_What you should do_. For this exercise, an exact copy is needed of only the lines from the one containing "Lot 555: 2 M1850" through the end of the data, with pictures left out.

_Supplied information_.

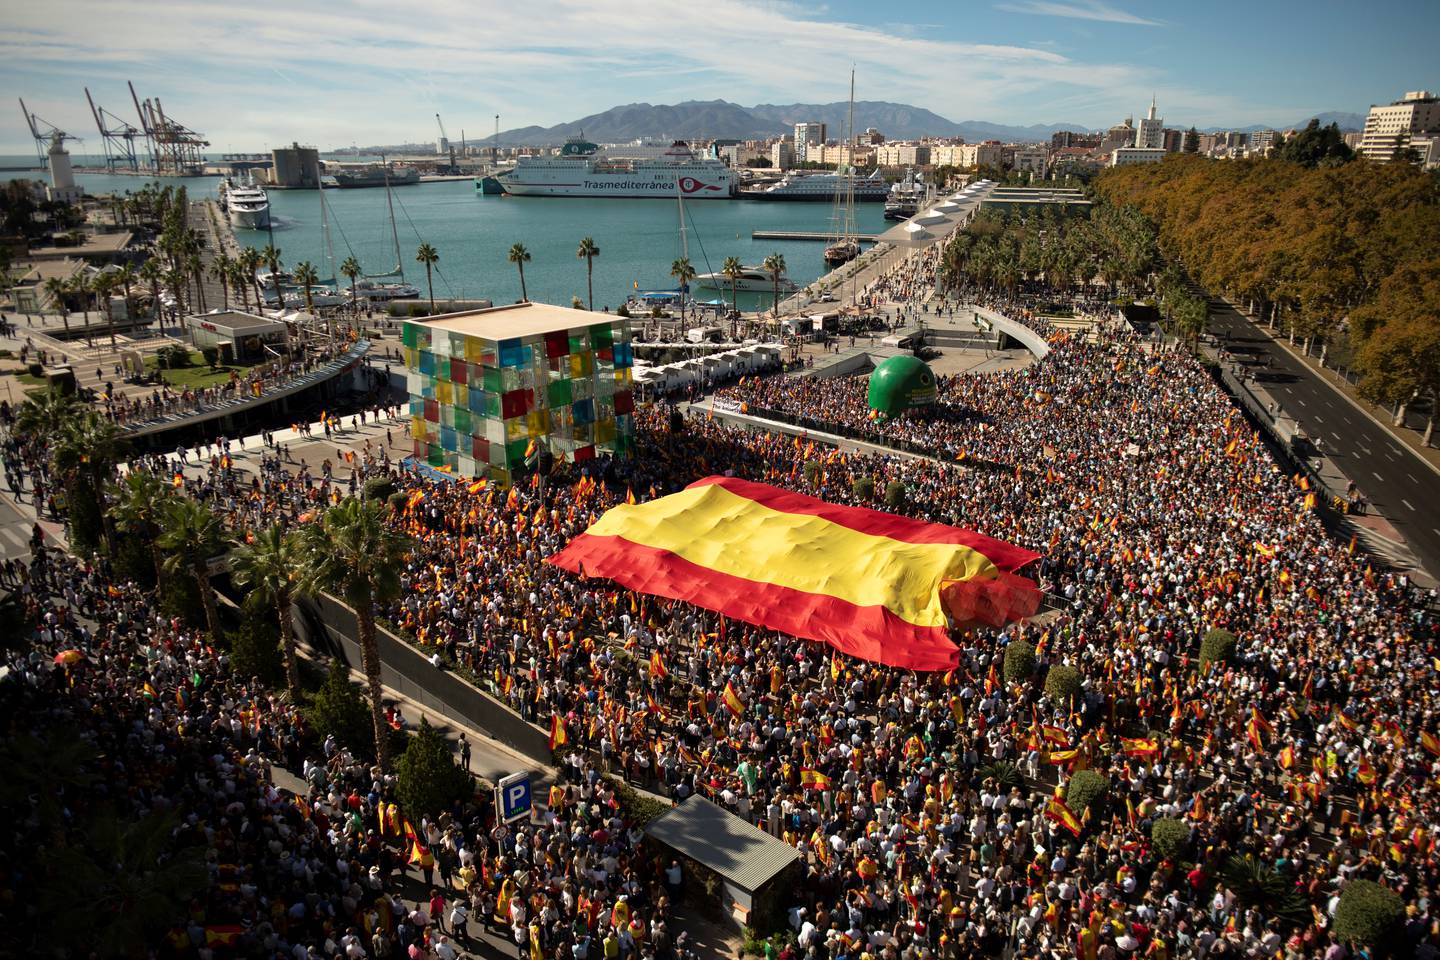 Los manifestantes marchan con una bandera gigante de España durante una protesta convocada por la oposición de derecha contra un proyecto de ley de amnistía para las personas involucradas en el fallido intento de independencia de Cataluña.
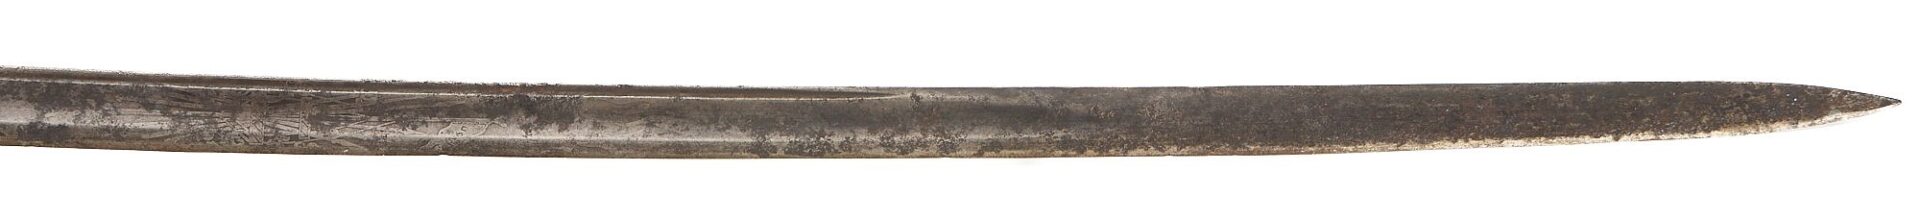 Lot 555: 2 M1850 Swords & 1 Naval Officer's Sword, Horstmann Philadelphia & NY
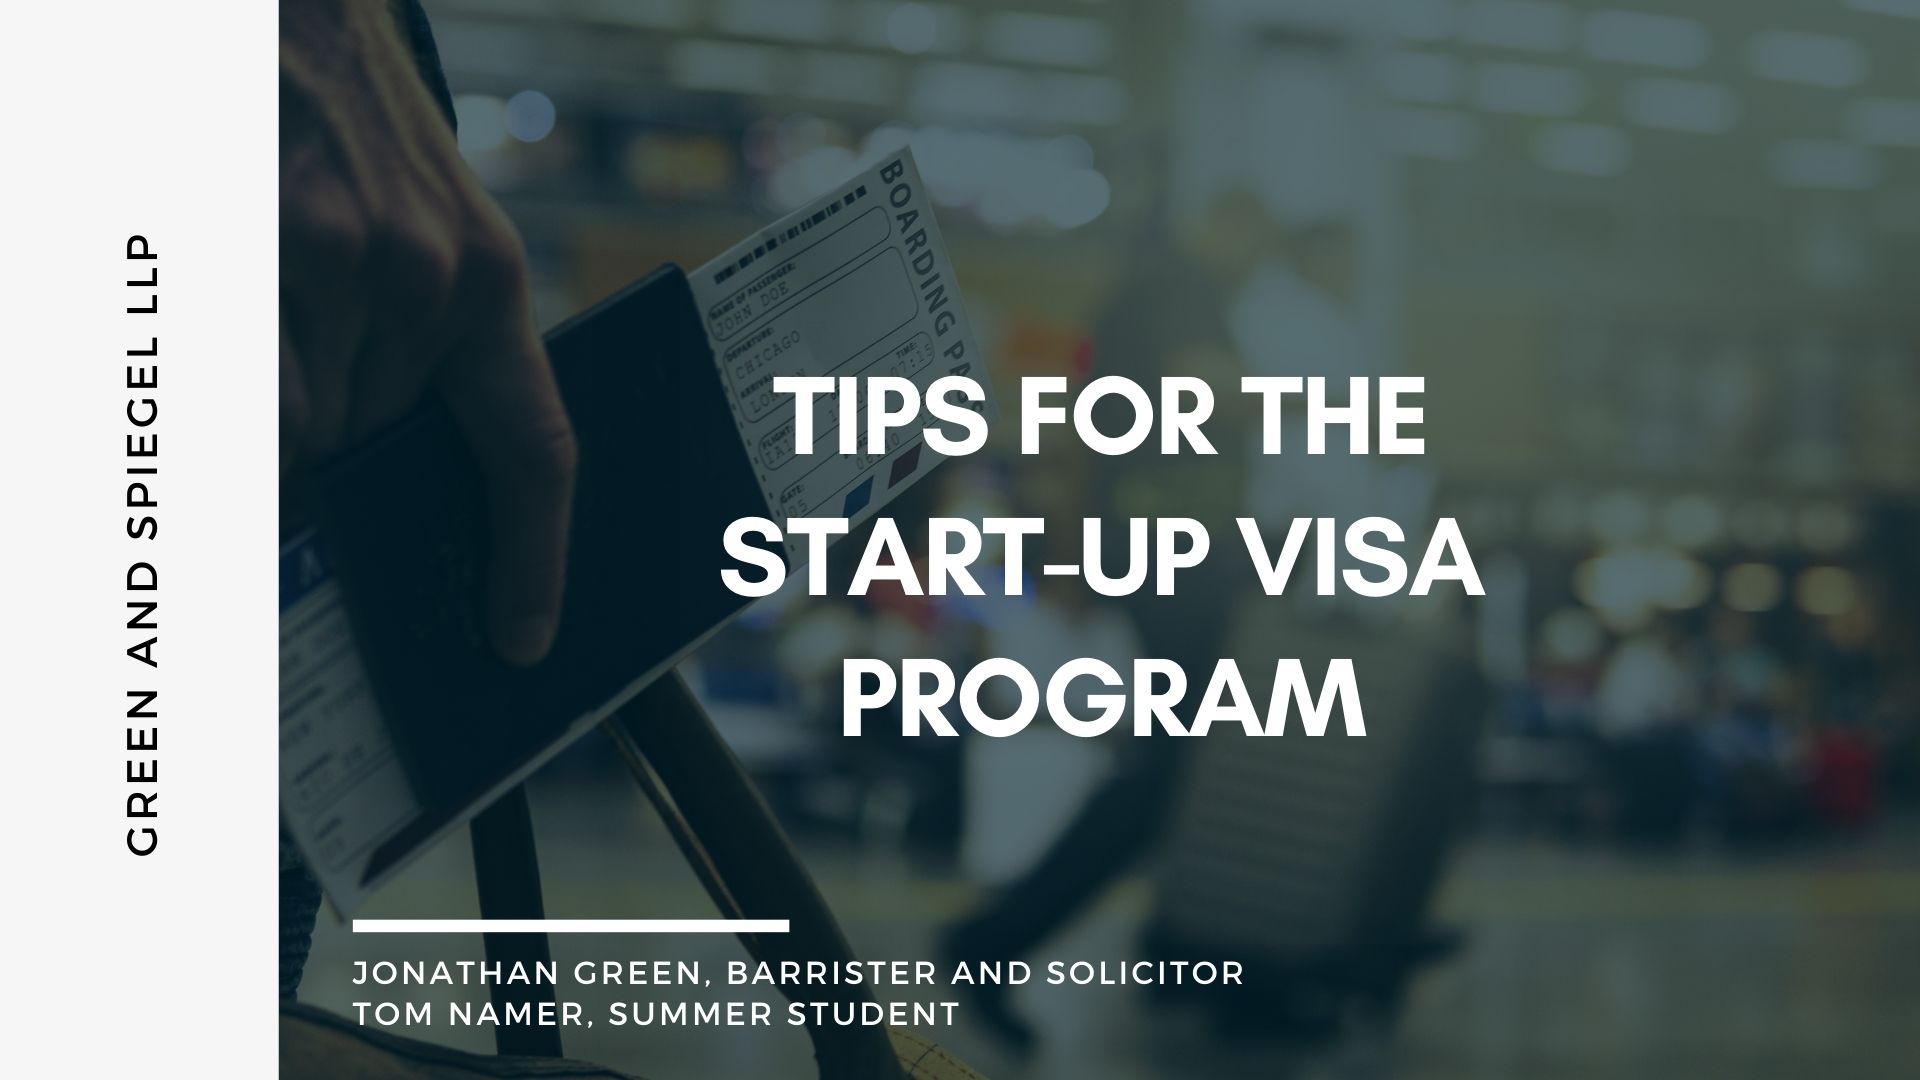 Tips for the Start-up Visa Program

_Worked solution_.
 Lot 555: 2 M1850 Swords & 1 Naval Officer's Sword, Horstmann Philadelphia & NY
 Tips for the Start-up Visa Program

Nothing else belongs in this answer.